Beacon Lesson Plan Library

The Matrix

Laurie Ayers
Bay District Schools


This lesson is for Day 8 of the unit [Native Americans]. Students will read the class matrix and review by making comparisons of Native American culture groups from different regions and times to determine ways they were alike and different.


The student reads informational texts for specific purposes (including but not limited to performing a task, learning a new task, sequentially carrying out the steps of a procedure, locating information to answer a question).

The student knows similarities and differences among selected Native American cultures from different regions and times (for example, nomadic groups, agricultural groups, city building, relationship with the environment).

The student knows some works of art that reflect the cultural heritage of the community or country (for example, paintings, statues).

The student understands ways climate, location, and physical surroundings affect the way people live (for example, food, clothing, shelter, transportation, recreation).

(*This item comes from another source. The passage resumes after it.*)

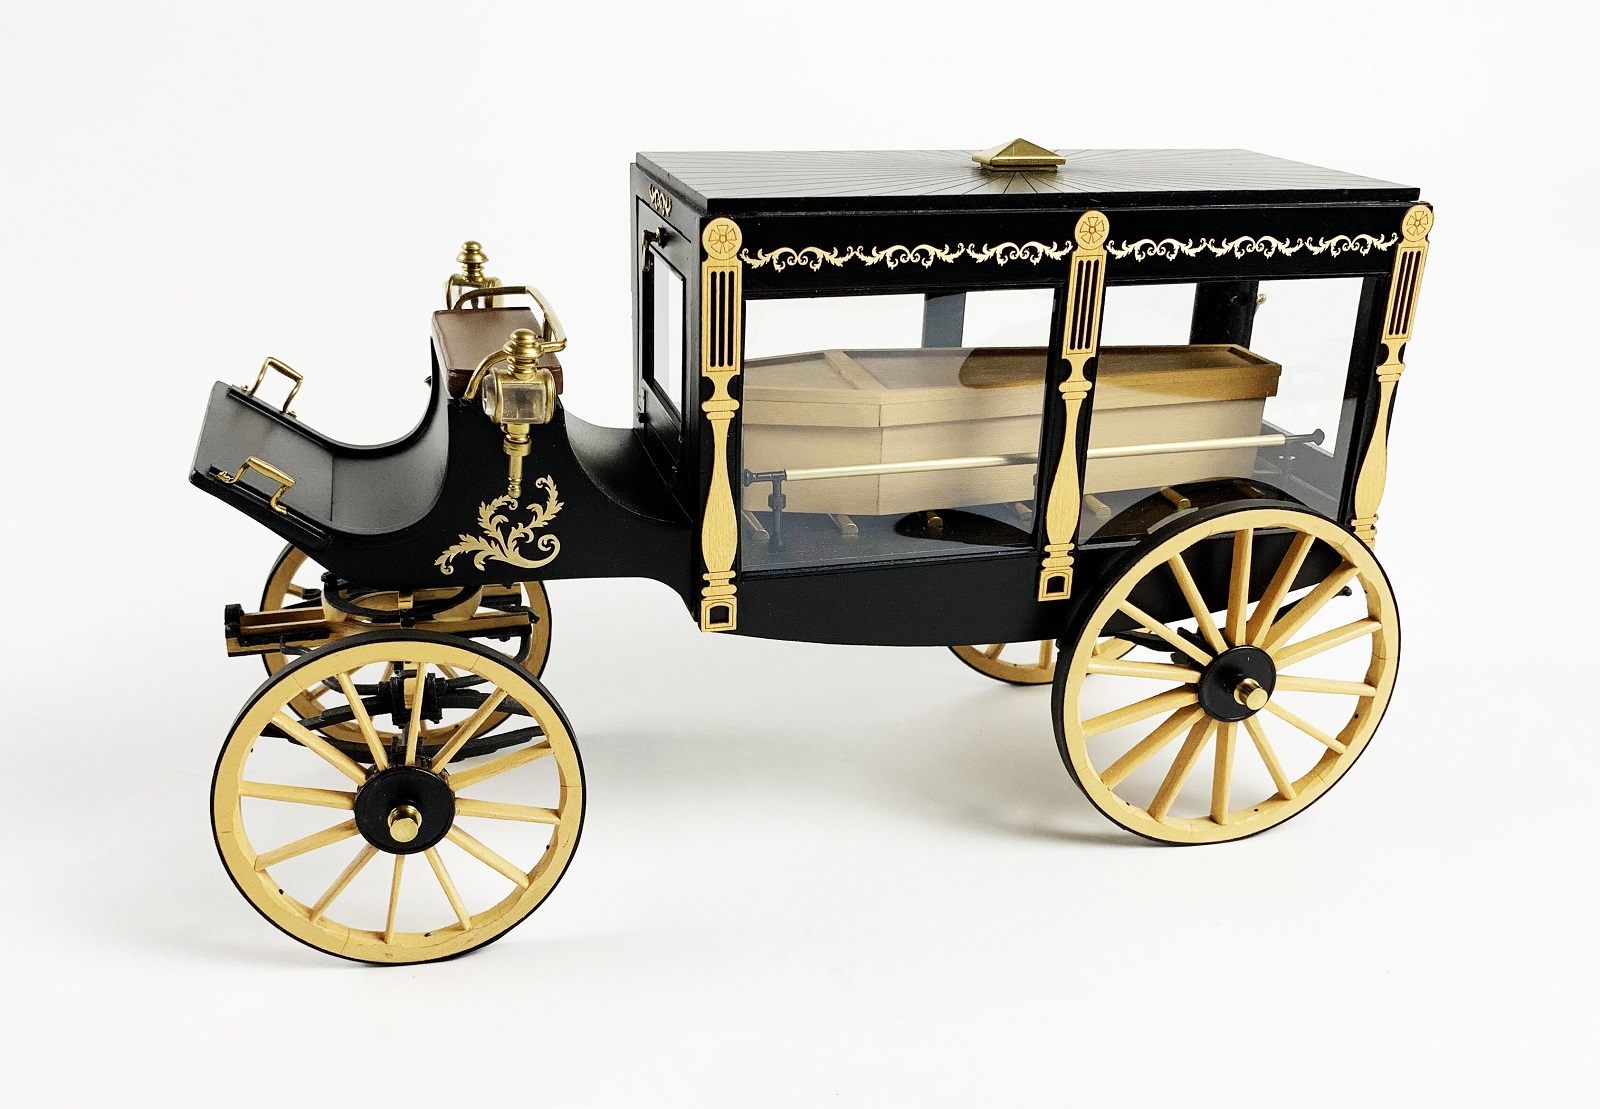 Details about   Model Trailways MS6009 1895 Horse-Drawn Hearse Wagon 1:12 Scale Wood & Metal ...

-Class matrix posted on the wall or on a bulletin board (done in previous lesson)
-Paper and pencil for exit slip activity, one of each per student


1. Download and make copies of Summative 2 (see extensions) to be administered during the designated Social Studies time on Day 9 of this unit.
2. Devise a method of dividing students into small groups of 6.


1. Review words on the Big Word display.

2. Review Native American culture group regions and physical surroundings/climate symbols for Northeast Woodlands region on the bulletin board.

3. Call four students up to the front of the room. Ask students at their desks to study the four students, paying attention to how they look. Then lead students in discussing how the students are alike and different. Model writing comparison sentences on the board for the students.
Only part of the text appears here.